Судя по всему, в начале партии принцесса ошибочно полагала, что, если будет с Ингваром демонстративно добра и корректна, поглядывая на него время от времени как бы снизу-вверх, — то есть так, как он, якобы, хотел, — да еще и даст ему, наконец, как-нибудь эдак или, на худой конец, возьмет, картинно встав перед ним на колени, — предварительно избавившись от скрывающей ее прелести одежды, — юноша поплывет, «вкурит благодати» и все вернется на круги своя. Но не тут-то было, поскольку не на того напала. Бармин вспомнил, кто он есть в обоих своих ипостасях, прошлой и нынешней, и твердо решил, что идти ей навстречу больше не будет. Мяч на ее стороне поля, ей теперь и предстоит доказывать «супругу и господину» серьезность своих намерений.
Так монотонно и, по большому счету, бессмысленно прошли все пять дней до их возвращения в Усть-Углу, и лишь один эпизод выбивался, — причем самым драматическим образом, — из этих, ничем не примечательных условно праздничных дней. Третьего декабря, устав от рутины королевских буден, Бармин высказал желание посетить Роннебю слот. Впрочем, ни у герцогини Сконе, ни у ее венценосного брата эта идея особого энтузиазма не вызвала, но и отказать в эдакой безделице они Ингвару не могли. Слишком опасным в случае возражений мог оказаться крен лодки. Так и перевернуться немудрено, тем более в условиях так и не разрешенного кризиса в отношениях молодоженов, о чем новоиспеченный король наверняка уже был осведомлен. Поэтому, немного поколебавшись, венценосец все-таки дал «добро», и семья Менгденов отправилась на конвертоплане в древний замок, построенный, о чем знали только Ульрика с Ингваром, над «Горячей скалой» — Источника семьи Стенкилей.
Сам городок Роннебю оказался небольшим, но, как и все населенные пункты в Швеции, аккуратным и буквально вылизанным до идеальной чистоты. Невысокие, по большей части, старинные каменные дома под черепичными крышами, кое-где беленые или украшенные деревянными вставками, мощеные камнем улицы и асфальтированные дороги, много зелени, — деревьев, кустов и газонов с цветочными клумбами, — и огромный парк Бруннспаркен, являющийся, по словам Ульрики, одним из трех или четырех лучших парков Европы. Ну и, наконец, королевский замок Роннебю слот. Тяжеловесный, темно-серый, имеющий, — несмотря на все перестройки XVII–XVIII веков, — все характерные черты раннесредневековой феодальной крепости, построенной в эпоху правления Магнуса Ласкового.

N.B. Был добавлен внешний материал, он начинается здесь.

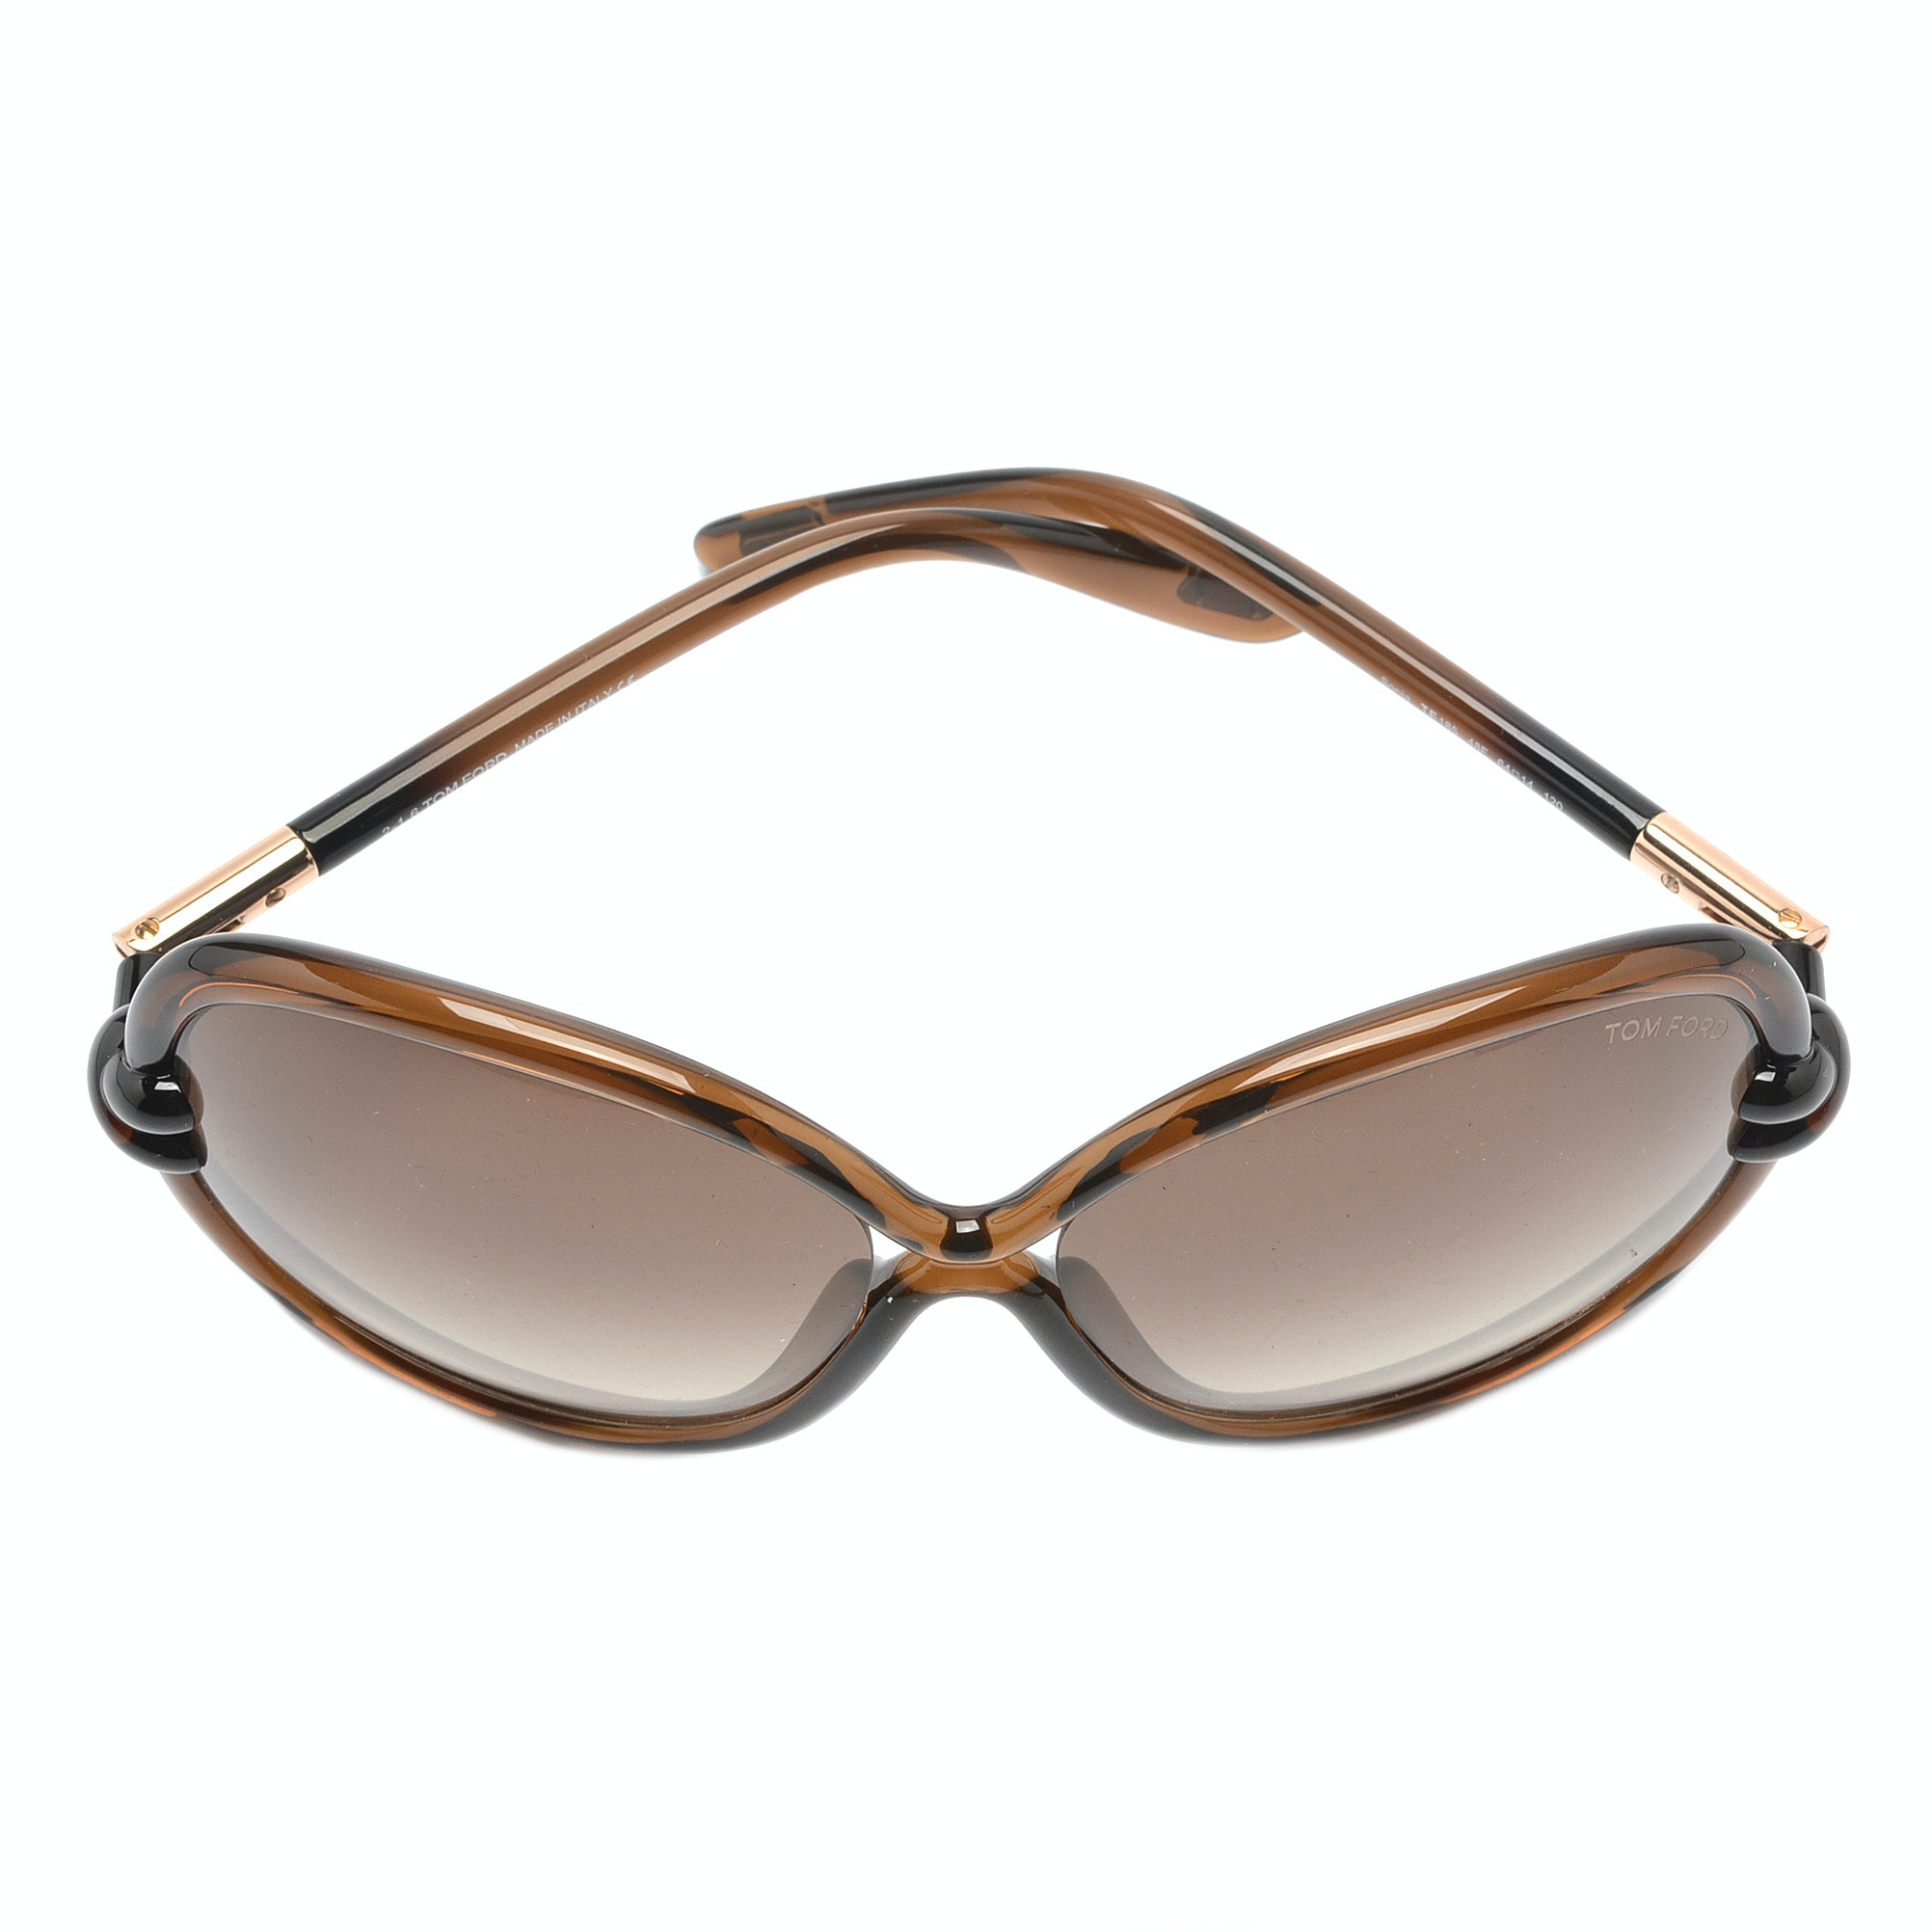 Tom Ford Sonja Oversized Round Sunglasses

«Неплохое местечко, чтобы встретить старость…» — мысленно сыронизировал Бармин, рассматривая замок через иллюминатор конвертоплана.

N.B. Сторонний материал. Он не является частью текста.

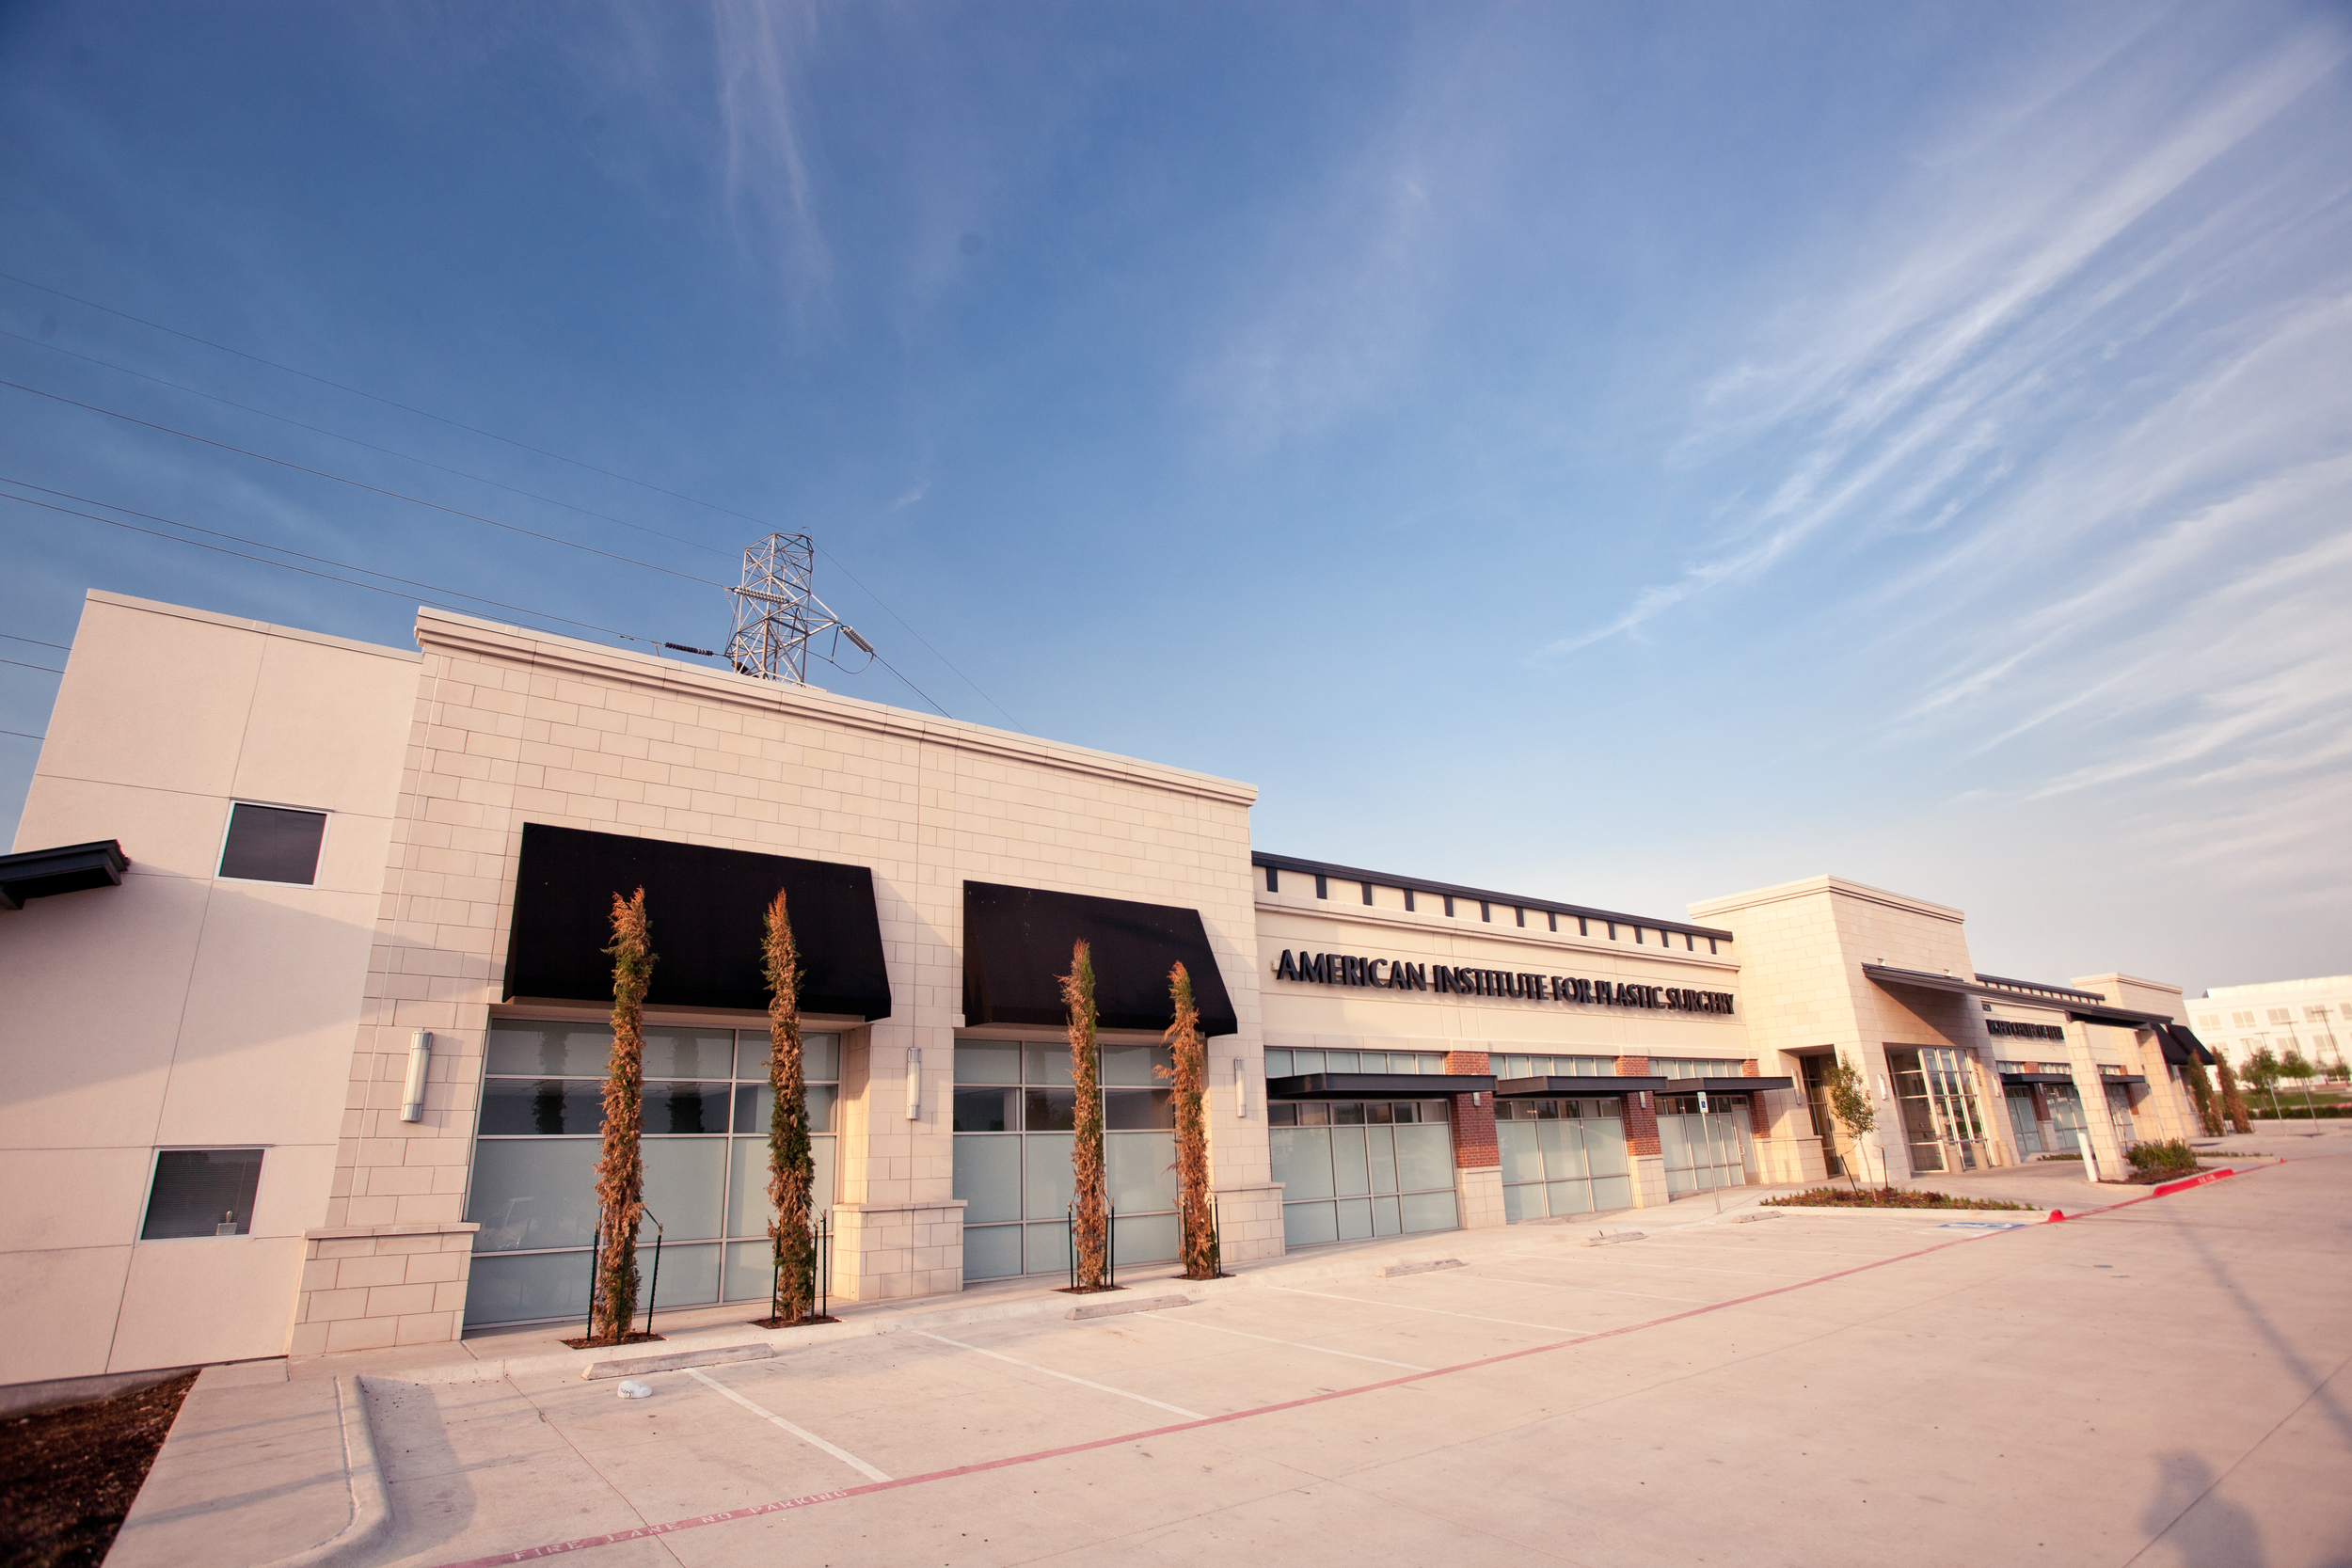 American Institute for Plastic Surgery, Plano, TX

Он хотел было сформулировать в этой связи еще пару-другую банальностей, но неожиданно почувствовал направленное на себя внимание замка — или, вернее, чужого Источника, — и крайне этому удивился. Из того, что, благодаря великим предкам, он успел узнать о «горячих камнях», Источниках и божественном благословении, богине Вар не должно было быть до него никакого дела, поскольку Менгдены находились под покровительством не просто другой богини, а богини, принадлежащей совсем другому, не скандинавскому пантеону. Марена же явная славянка, как ни крути, — разве что северного, поморского разлива, — а Вар — чистокровная асинья. И, тем, не менее, «привет», полученный Барминым от замка не был ни агрессивным, ни просто отталкивающим. Скорее всего, это был именно «привет», посланный не чужаку, а, скажем так, дальнему родичу, впервые посетившему проживающих в этой местности членов своей большой разбросанной по миру семьи.

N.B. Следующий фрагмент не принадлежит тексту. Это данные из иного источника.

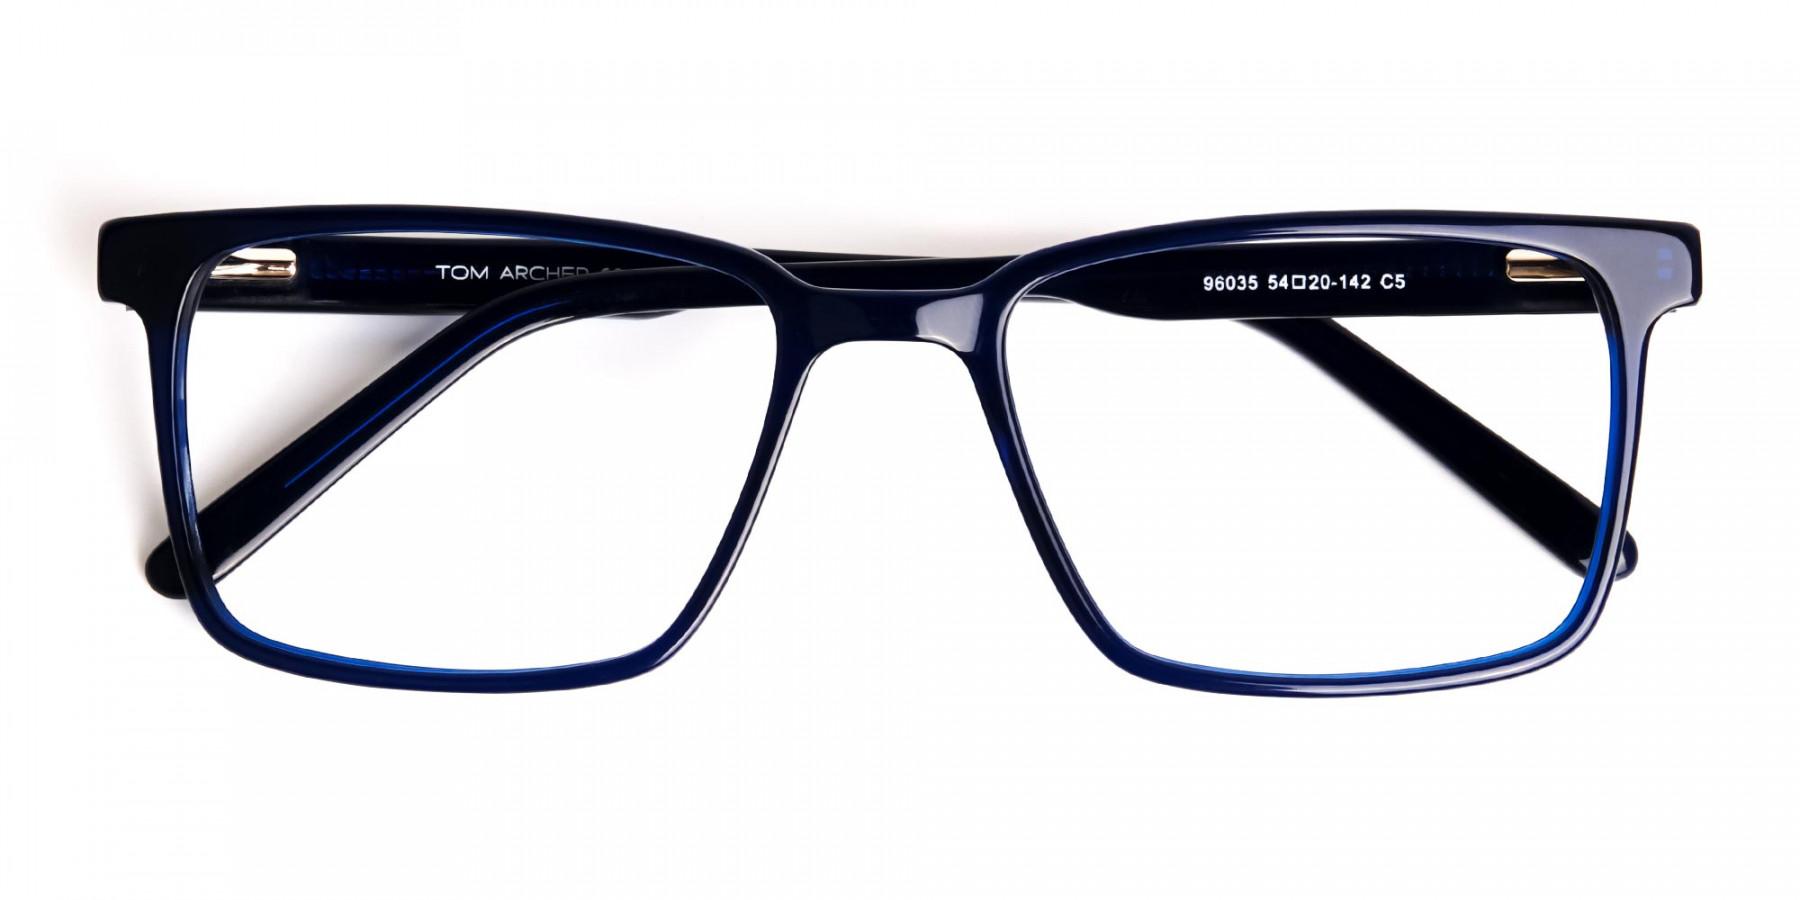 Black-and-Indigo-Blue-Rectangular-Glasses-frames-1

«Даже так? — искренне удивился Бармин, поймав переданный ему в приветствии смысл. — Родич? И с какого бока я, спрашивается, родич Стенкилям?»
— Ингвар!
Бармин обернулся и посмотрел на окликнувшую его Варвару.
Что? — спросил он взглядом.
Я в растерянности, — ответила сестра, — я в ужасе!
Этого не могло быть, потому что это противоречило всему тому, что Ингвар успел узнать об Источниках вообще и о своем «Горячем камне» в замке Усть-Угла, в частности, и, тем не менее, не только он — чужак в чужой стране, но все-таки сильный стихийный маг, несущий на себе благословение богини, — но и Варвара с ее скромными способностями к Стихии и всего лишь опосредствованной связью с Источником, судя по ее реакции, «слышала» сейчас «заговоривший» с ними замок Роннебю слот.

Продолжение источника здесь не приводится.